In this application we were given a picture of a 3D object from the same angle and a couple of different lighting positions -- we assumed that the lighting locations were known. We then used this information to compute the surface normals vector and then "integrated out" the normals vector to get the surface via least squares.

More recently, researchers have used a *single image* to perform the 3-D reconstruction as described in the popular press article [here](https://www.engadget.com/2017/09/19/ai-3d-face-single-photo/).

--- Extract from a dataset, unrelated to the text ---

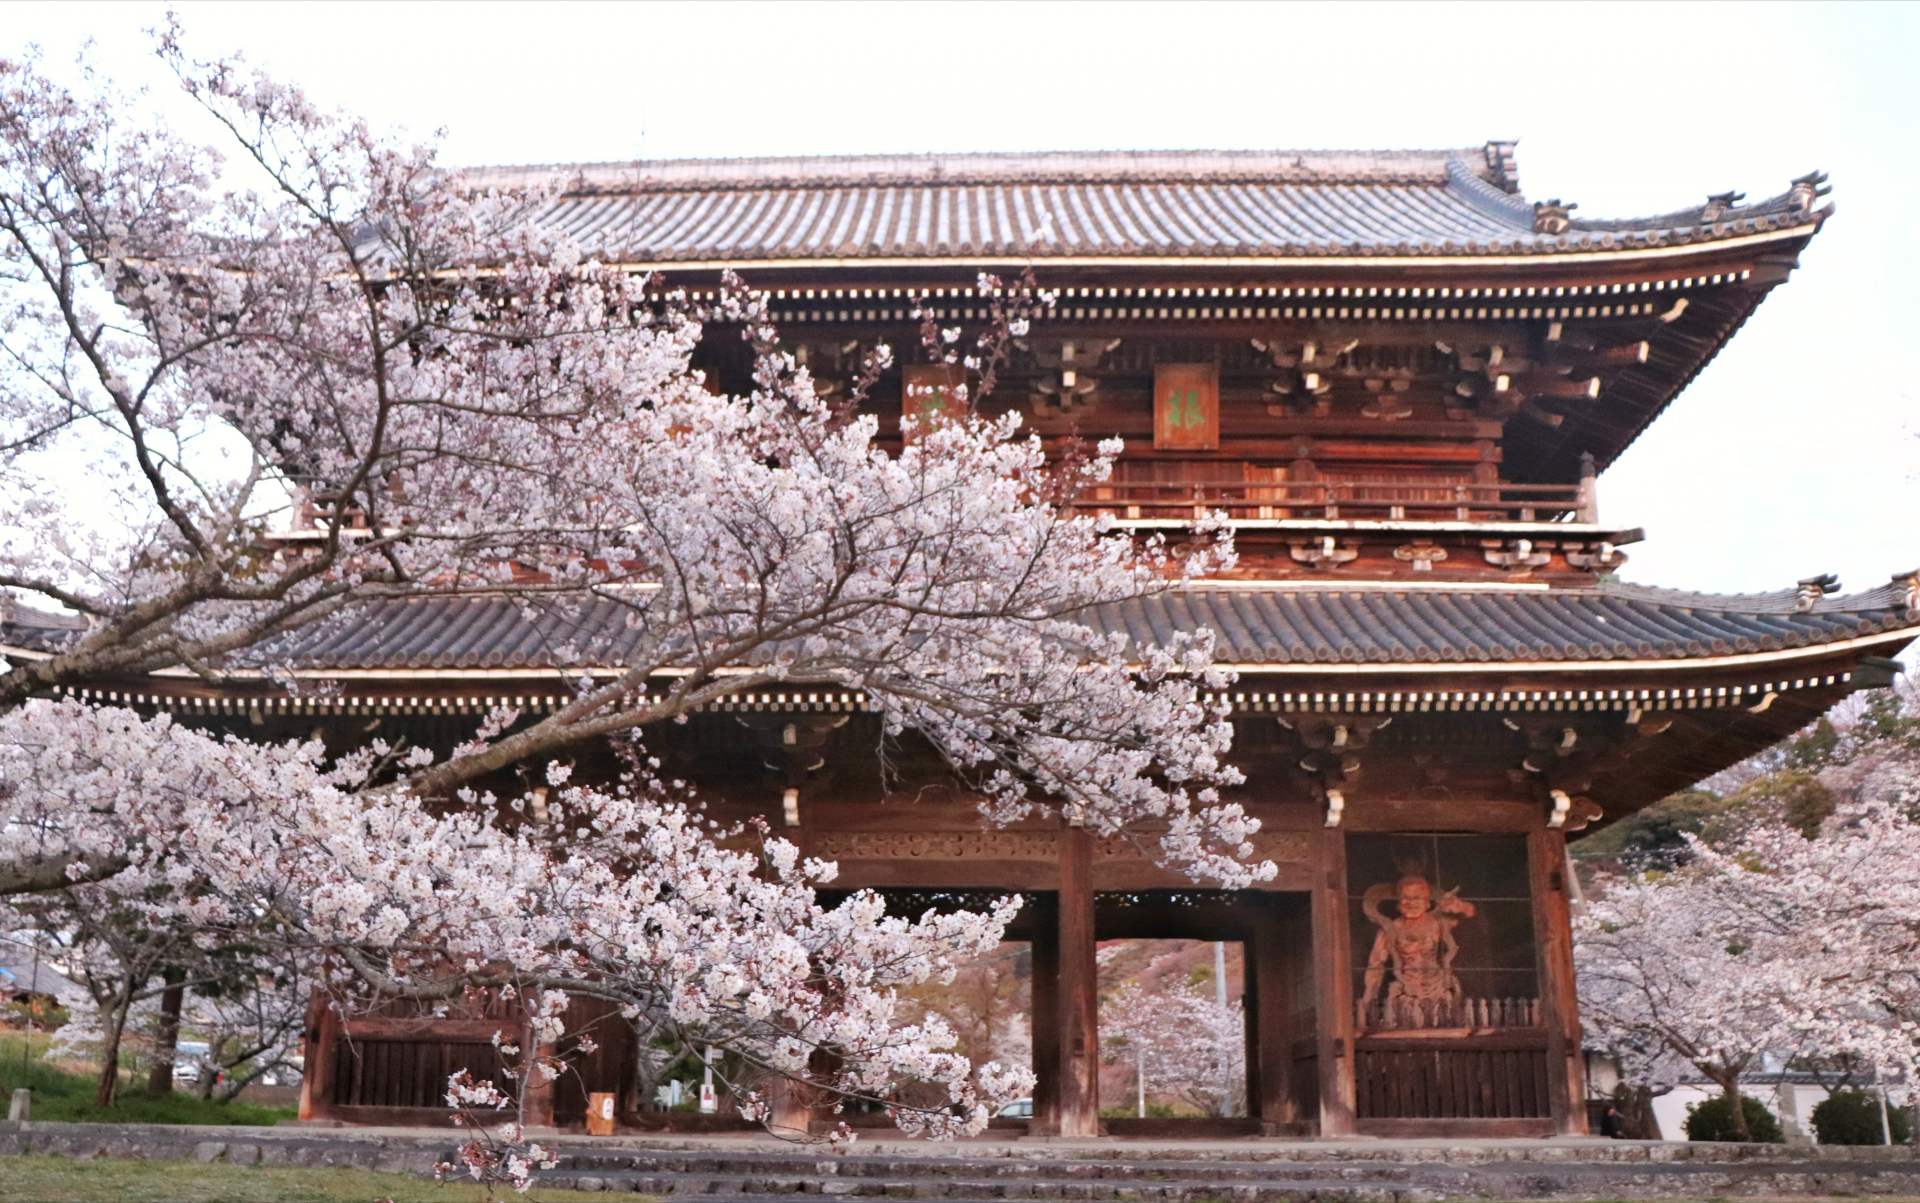 春には境内約7000本の桜が咲き誇り、胸を打つ光景が広がる
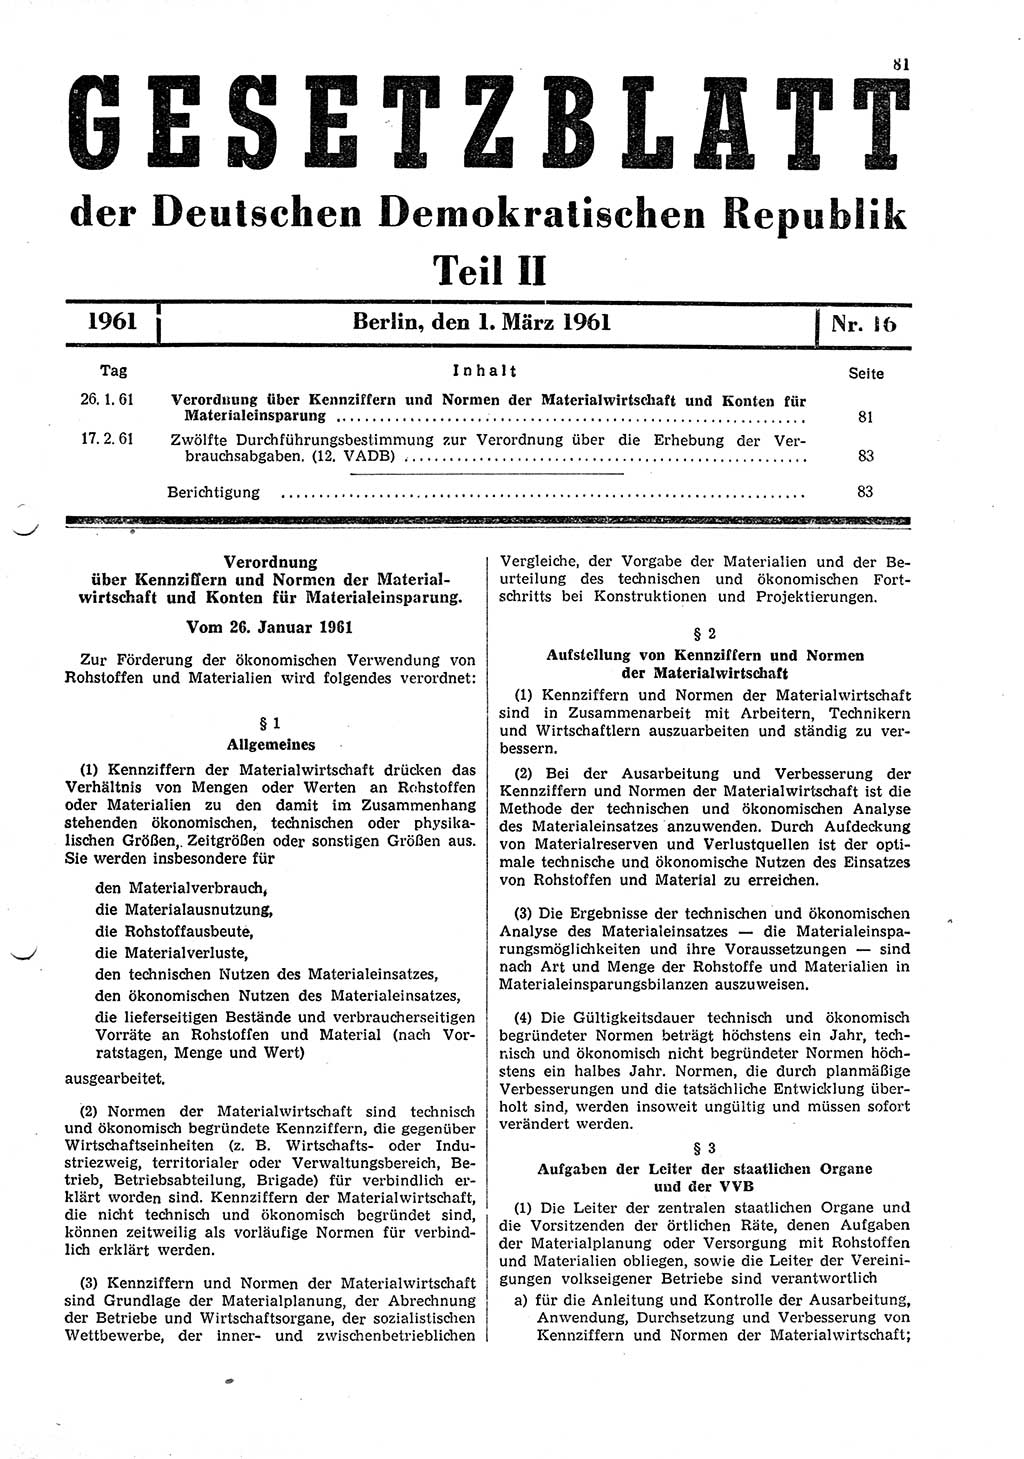 Gesetzblatt (GBl.) der Deutschen Demokratischen Republik (DDR) Teil ⅠⅠ 1961, Seite 81 (GBl. DDR ⅠⅠ 1961, S. 81)

The method is described in greater detail [here](https://arxiv.org/pdf/1703.07834.pdf) -- the researchers use a training data set of images for which the 3-D shape is known -- they learn the mapping a patch (say, an 8 x 8 segment of the image) and the corresponding 3-D coordinates; this is what they refer to as a volumetric regression network. The new image is then segmented into patches and this learned transform is applied to each patch to yield the corresponding 3-D coordinates. The final 3-D shape is rendered together by stitching together and smoothing the respect 3-D patches.

Try it with your own face [here](http://cvl-demos.cs.nott.ac.uk/vrn/)

and submit the file with your homework. Comment on how well it does.